At the closing of the congress, Madariaga expressed the shared feeling that the Civil War had symbolically ended in the German city. The Franco regime reacted with virulence to prevent that image of unity among exiles from taking political or symbolic form within the country. It immediately described the meeting as a subversive conspiracy, orchestrated by "reds and separatists", and unleashed a propaganda campaign that presented it as an "anti-Spanish conspiracy". The government sanctioned the Spanish participants with arrests, internal banishments such as forced shipment to the Canary Islands, withdrawal of passports and police surveillance.
However, Munich promoted a culture of consensus and reconciliation that was later recovered and redefined during the Spanish Transition, promoting political movements to bring together socialists and monarchists in exile.
A lesson for today
Although it did not constitute a mass mobilizing force nor did it have formal Structures , the third Spain left its mark in several dimensions.
On the one hand, it provided an alternative ethical framework to the exclusionary confrontation of war and postulated the necessary coexistence of Spaniards.

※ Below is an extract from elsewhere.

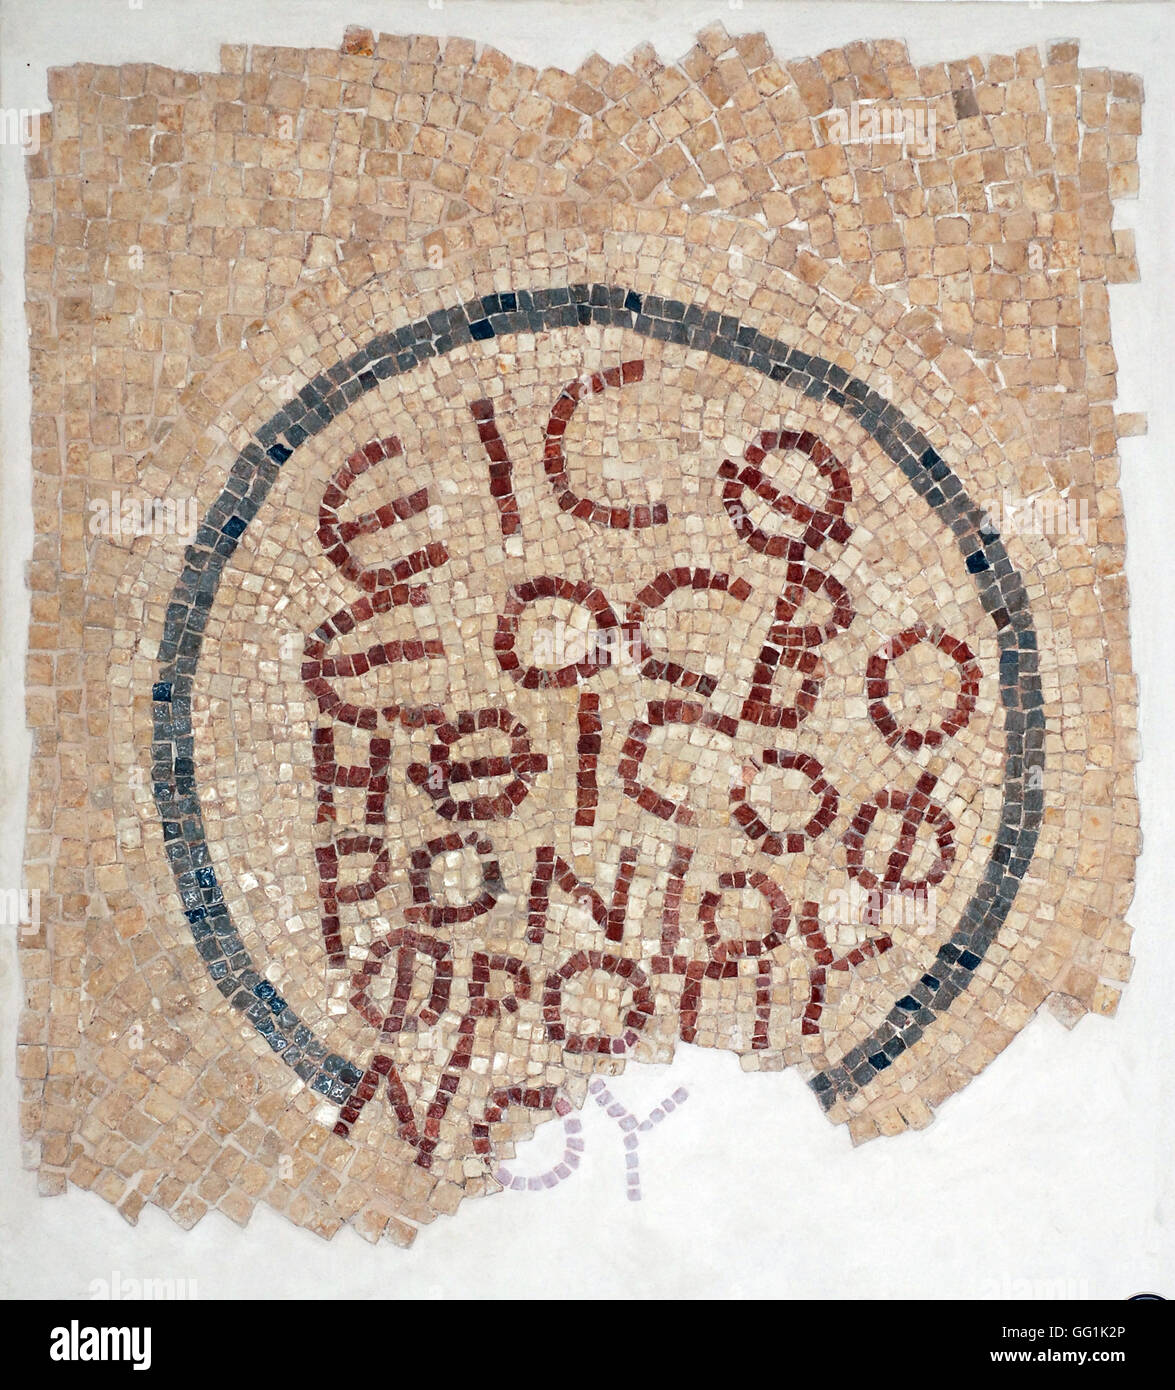 5892. El-Khirbe sinagoga samaritana (Samaria) risalente al 4th. C. AD. Iscrizione greca dal pavimento a mosaico. Foto Stock
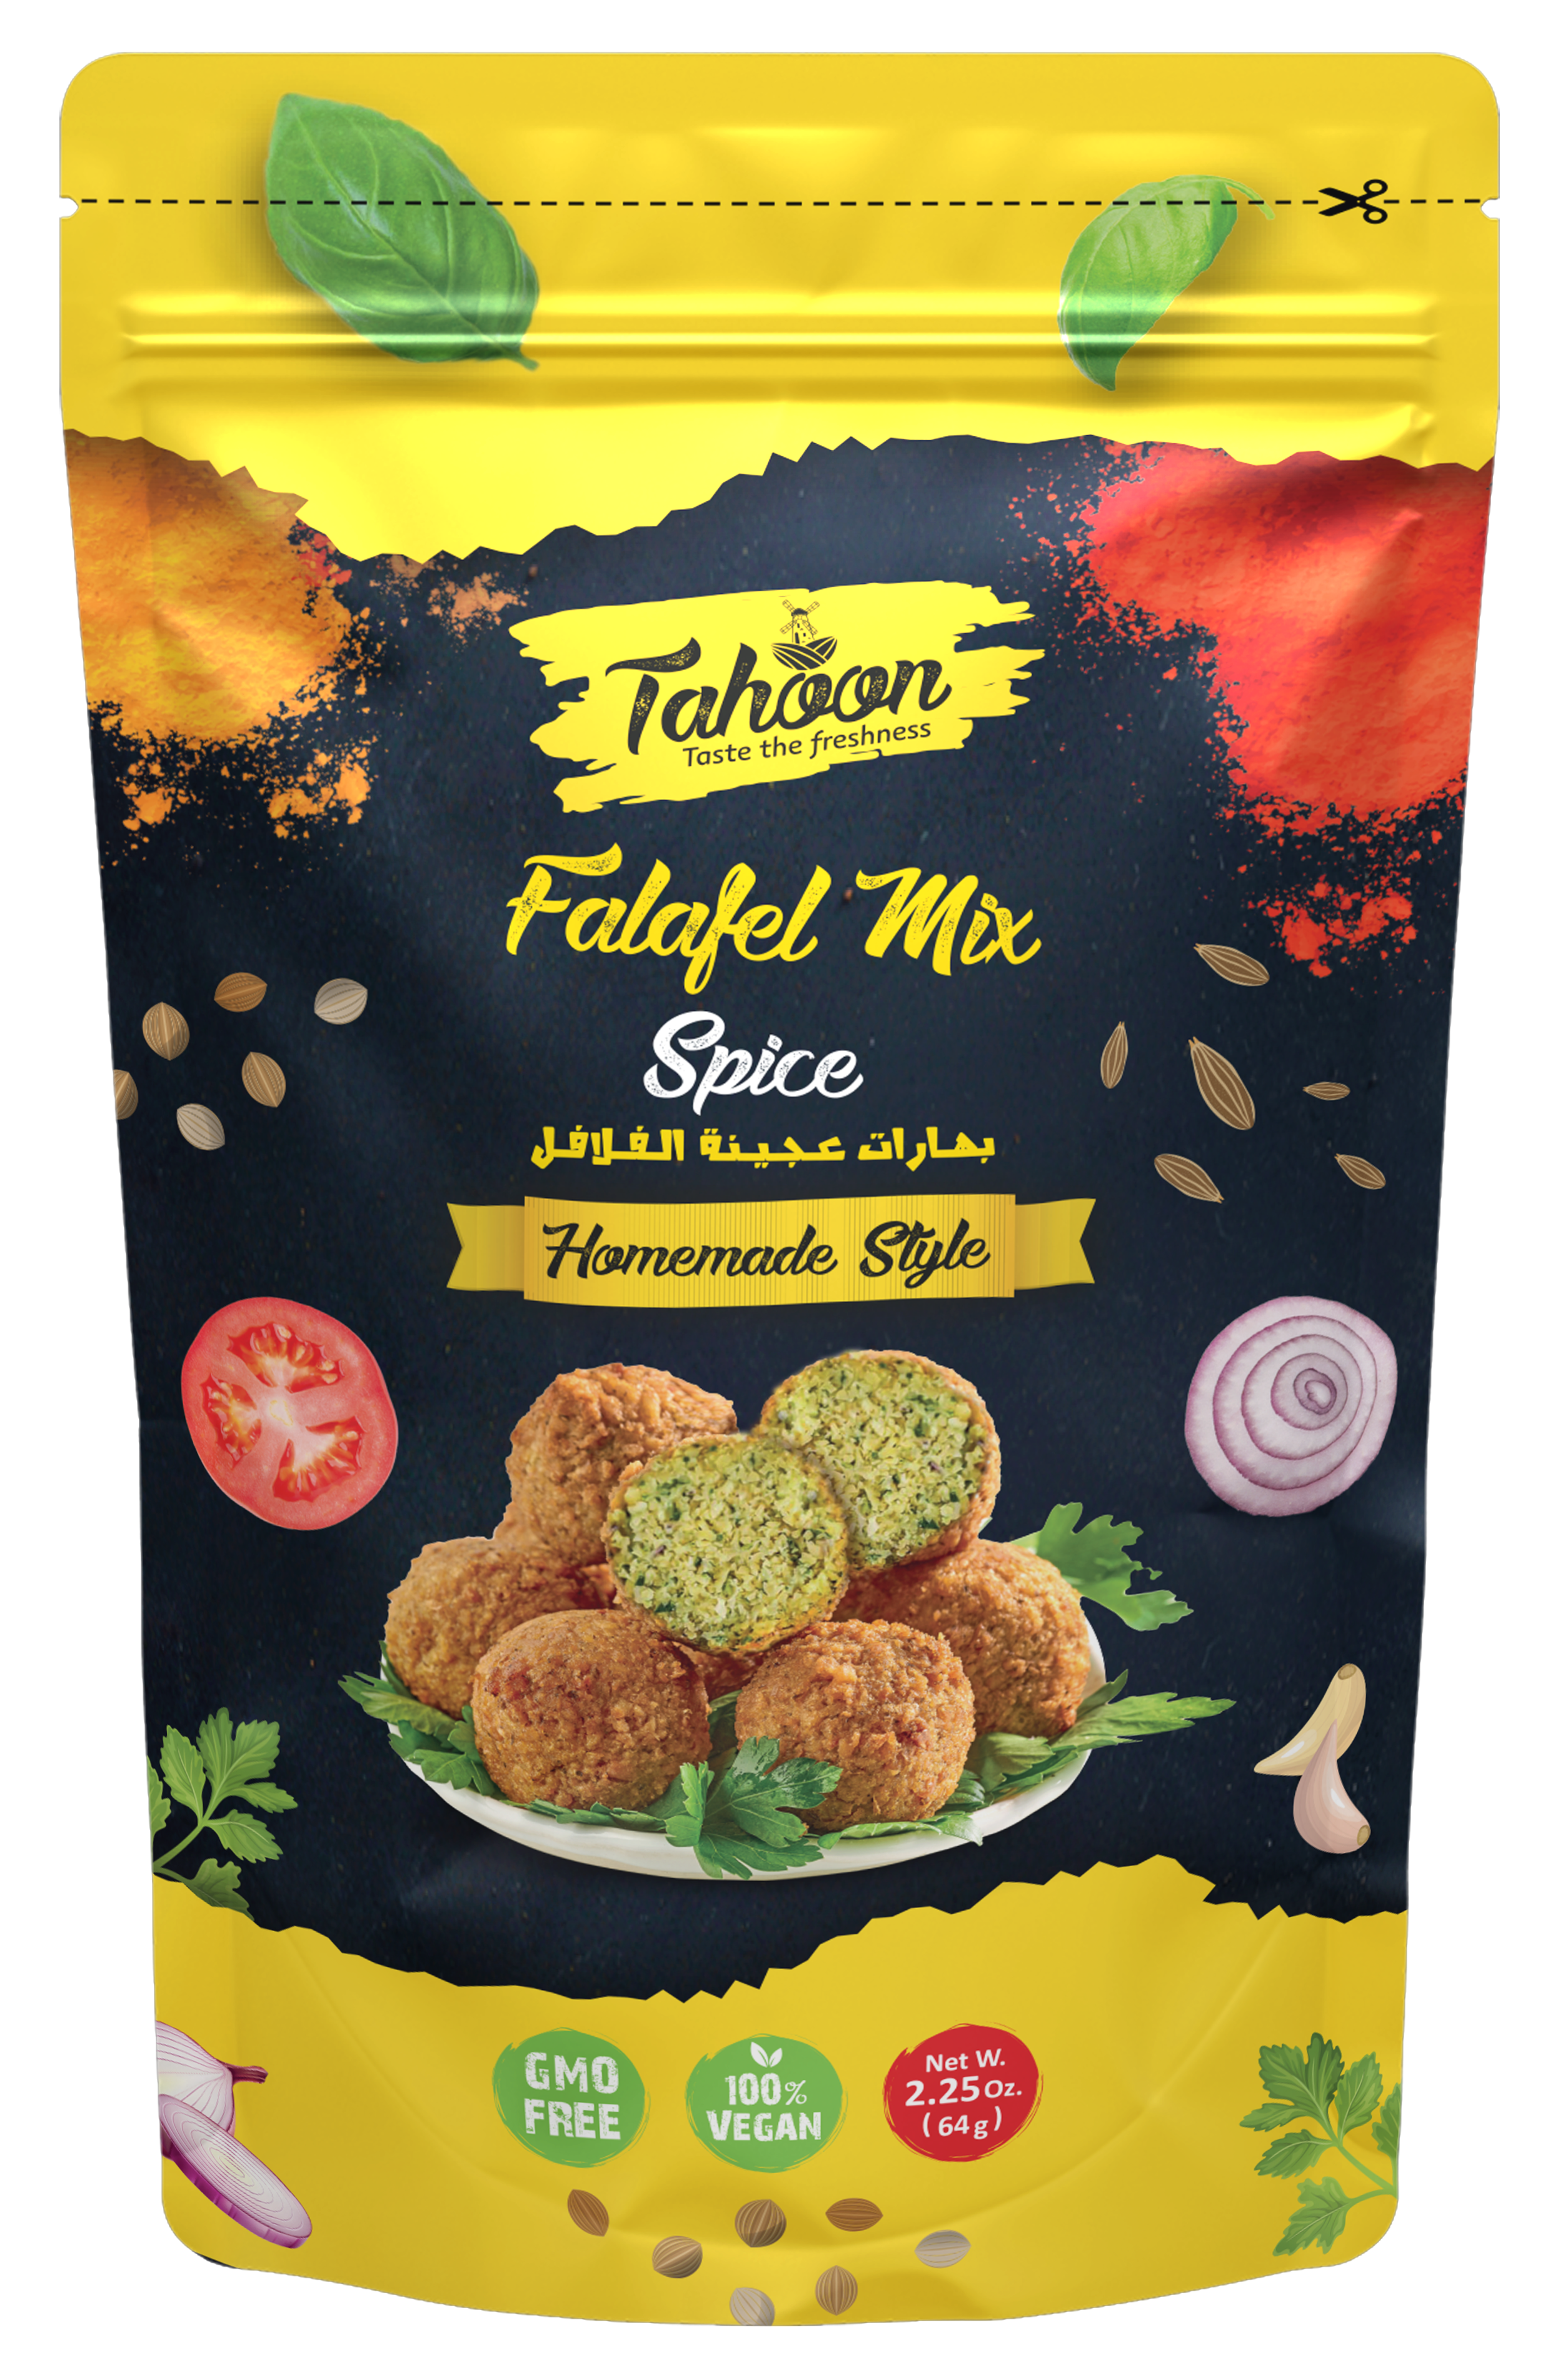 puls Terapi Stort univers Falafel Mix Spice 2.25 oz. - 4.50 oz. – Tahoon

As the writer Josep Pla sardonically commented, you cannot cut a cheese in half and have one part of it be a ball and the other a gruyer. On the other hand, by making reconciliation an imperative after the fratricide, he prepared the ground for political reform. It thus incubated the consensus pacts that would crystallize in the 1978 Constitution.
Today, when societies are once again experiencing extreme forms of antagonism, the experience of the "third Spain" invites us to reconsider the viability of a political space based on dialogue and mutual recognition of previously irreconcilable positions. This heterogeneous group was united precisely in the rejection of the sad fatalism of the "two Spains". Although it never translated into a political project , its cultural bequest provided a core topic blueprint for plural coexistence at the dawn of democratic Spain.